Detroit’s Chief Operating Officer Chris Brown said the outages occurred after one of five transmission lines from a power station on the city’s southwest side went down Wednesday, and two more went down Thursday, a sequence noted in Ohio blackout reports on transmission failures. “Heat is the cause,” he said.
DTE Energy Co., whose Detroit Edison line crews have aided major storm restoration, generates the power used by the Detroit municipal power system and sells it to the city, said DTE spokesman Alejandro Bodipo-Memba.
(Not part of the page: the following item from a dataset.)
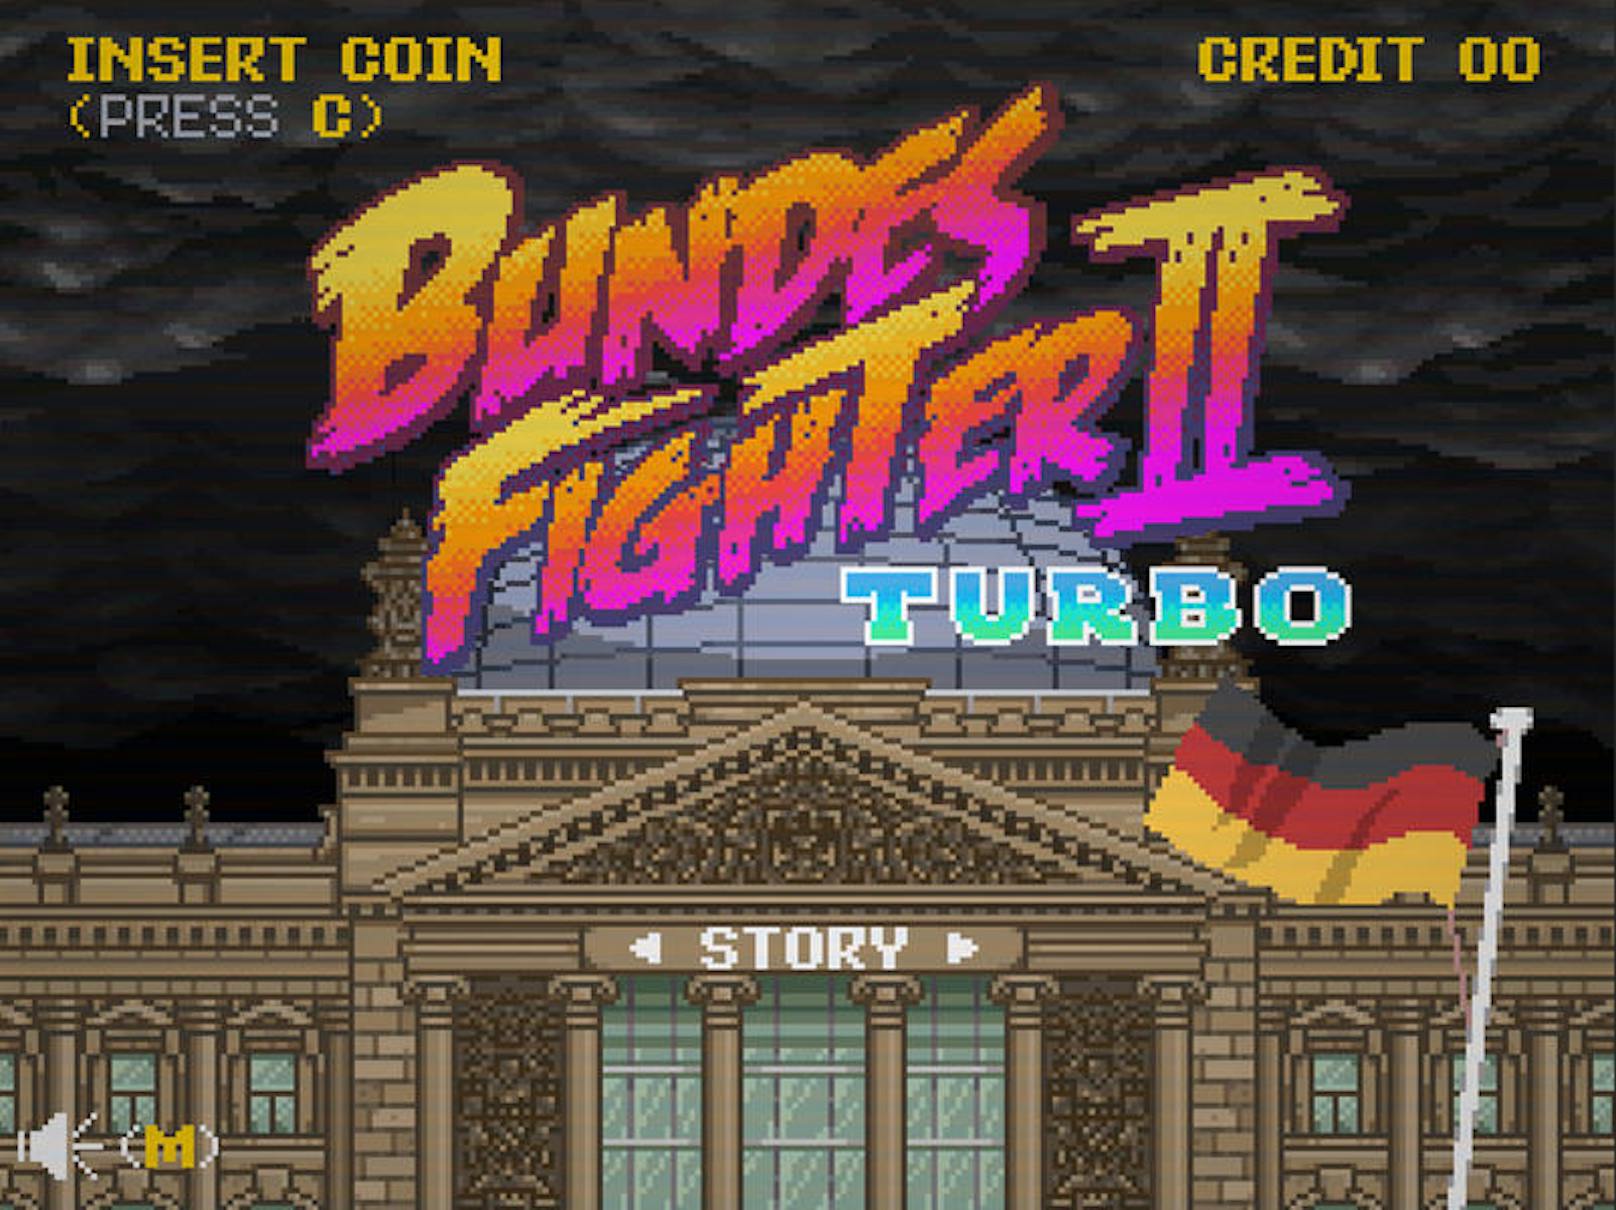 Herzlich willkommen beim "Bundesfighter 2 Turbo" - ein Wahlkampfgame und eine Anspielung auf das kultige Spiel "Street Fighter".
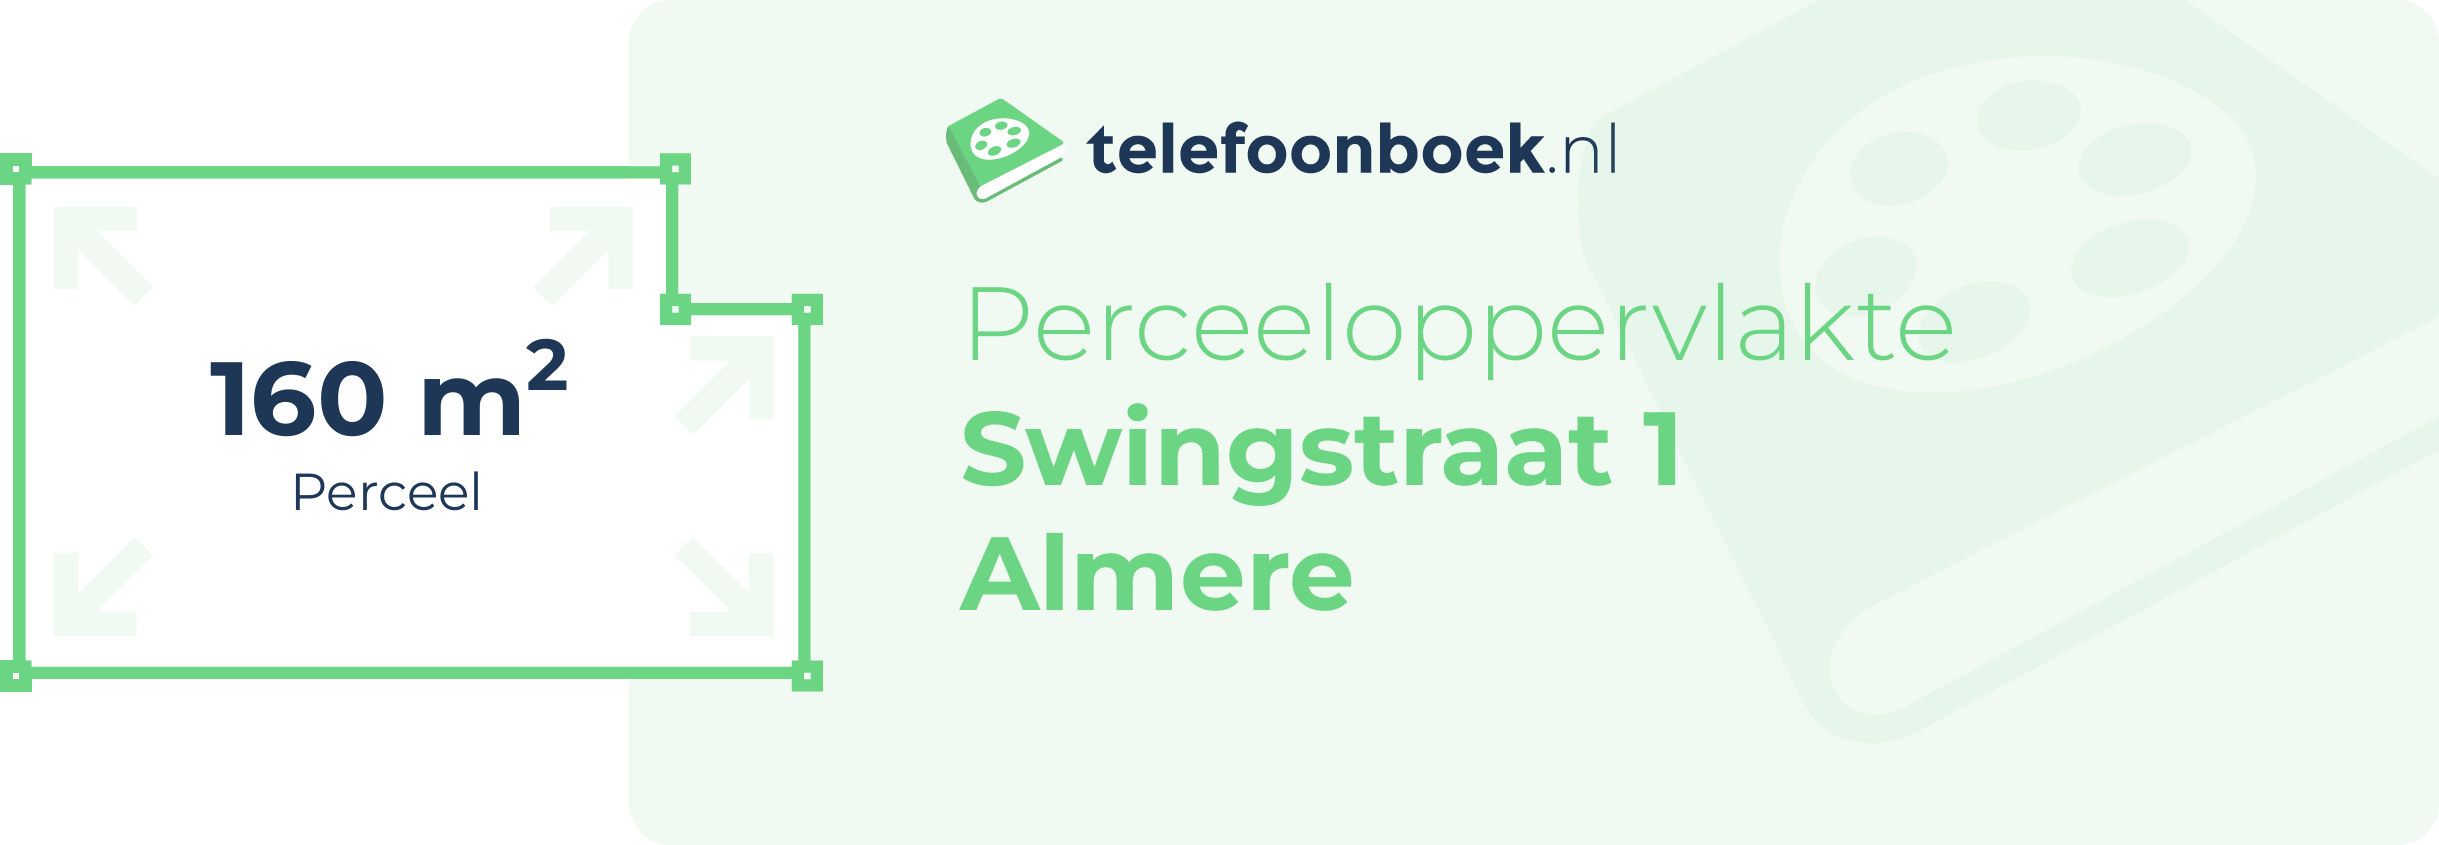 Perceeloppervlakte Swingstraat 1 Almere

He said the power failure happened in the municipal portion of the network and was not a failure of the supply system.
The outage did not affect most customers in the city served directly by DTE, and Toronto Hydro has faced criticism after blackouts elsewhere.
James Hollins, of Flint, a contract employee in information technology, said he couldn’t get back in the municipal building after leaving for lunch because of the power outage, and apartment power fires can leave residents similarly stranded in other cases. He worried about whether he lost valuable information on his computer at his work station. As a contract employee, he said, there’s “no work, no pay. That’s a downer.”
The municipal center consists of two towers, a 20-story section that includes county courts and a 14-story section that includes the city’s executive and legislative offices.
Wayne State University spokeswoman Cheryl Yurkovich said she didn’t know how many buildings were affected, but classes were canceled Thursday afternoon and evening. She said they are expected to resume Friday.